Героини его казались слишком жестокими и бесстыдными, и афинским мужьям, считавшим, что сама эта тема недостойна высокой поэзии, поскольку извечный удел женщины — смирение и безвестность, и что величайшая слава для каждой из них — это если о ней вообще не говорят в мужском обществе ни дурного, ни хорошего. «Жены нужны нам для рождения детей, для развлечения же у нас есть гетеры», — утверждали, ссылаясь на Солона, афинские мужья, для которых не считалось зазорным обзаводиться любовницами и посещать публичные дома, в этом не видели также никакого ущемления достоинства их жен, и им оставалось лишь терпеливо, нередко даже взаперти поджидать мужа как редкого гостя.
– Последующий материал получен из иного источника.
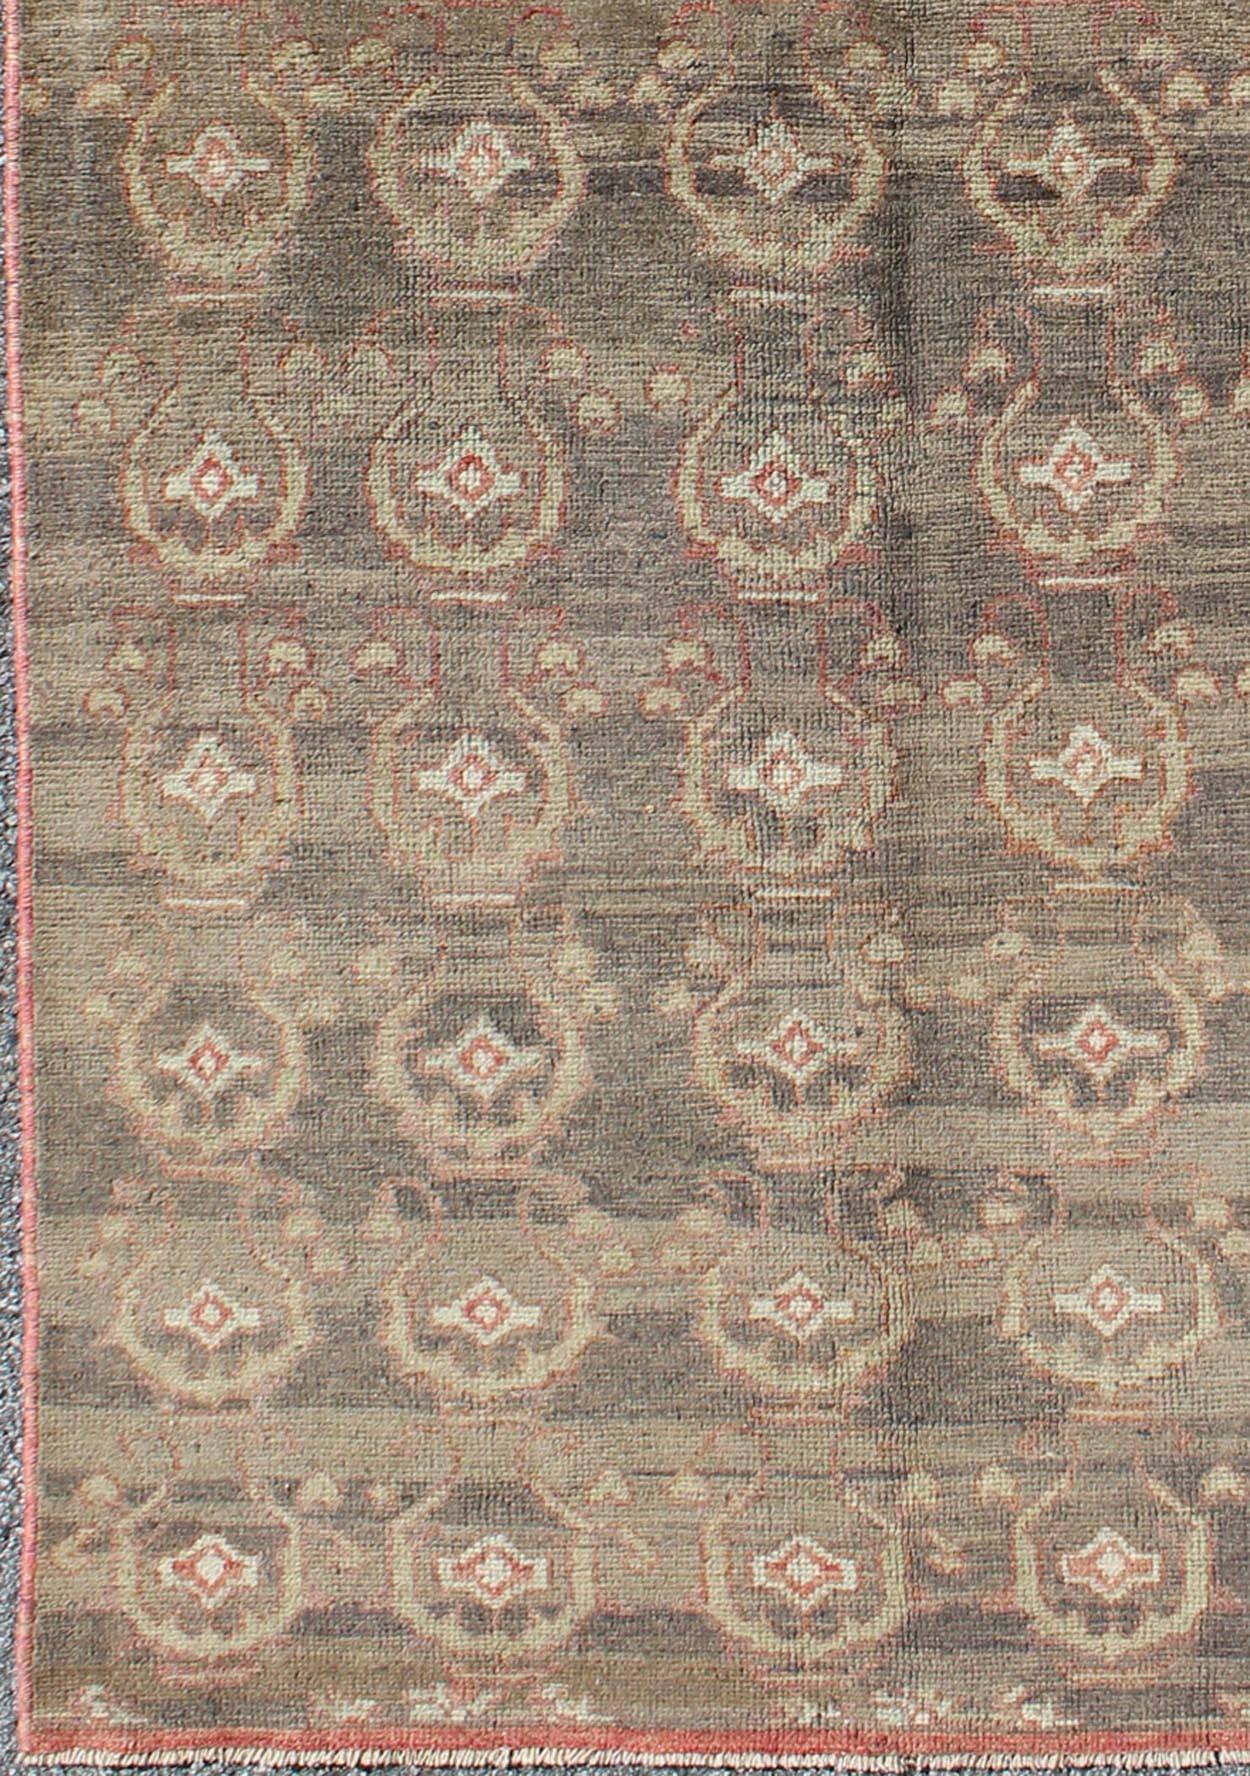 Gray vintage Turkish Oushak rug with all-over blossom design in soft red and light 0green , rug en-140879, country of origin type: Turkey Oushak, circa 1940

This Oushak carpet (circa mid-20th century) features an all-over pattern of

Правда, в последние годы правления Перикла, и особенно после его брака с Аспасией, жизнь замужних афинянок стала как будто немножко свободнее, и все больше просвещенных людей приходило к мысли о том, что если даже рабы заслуживают милосердия и снисхождения, поскольку они тоже люди, то что же говорить о несчастных женщинах, часто не смеющих высунуть носа из гинекея, над поистине рабской долей которых смеются независимые и гордые спартанки. Несомненно, что так видел вещи и Еврипид, семейный уклад которого был весьма далек от обычного афинского домостроя (ведь недаром об излишне свободном поведении его жены злословили сограждане), и те, кто упрекал поэта в ненависти и презрении к женщинам, словно не видели или действительно не понимали, что все его героини выше и глубже по большей части внутренне несостоятельных героев, что, нападая порой на женщин, он их первый же защищает и сам восхищается бесконечной силой их духа, смелостью сердца, тем неостановимым стремлением защитить свое попранное достоинство, добиться поставленной цели, которое так возмущало афинян в его трагедиях.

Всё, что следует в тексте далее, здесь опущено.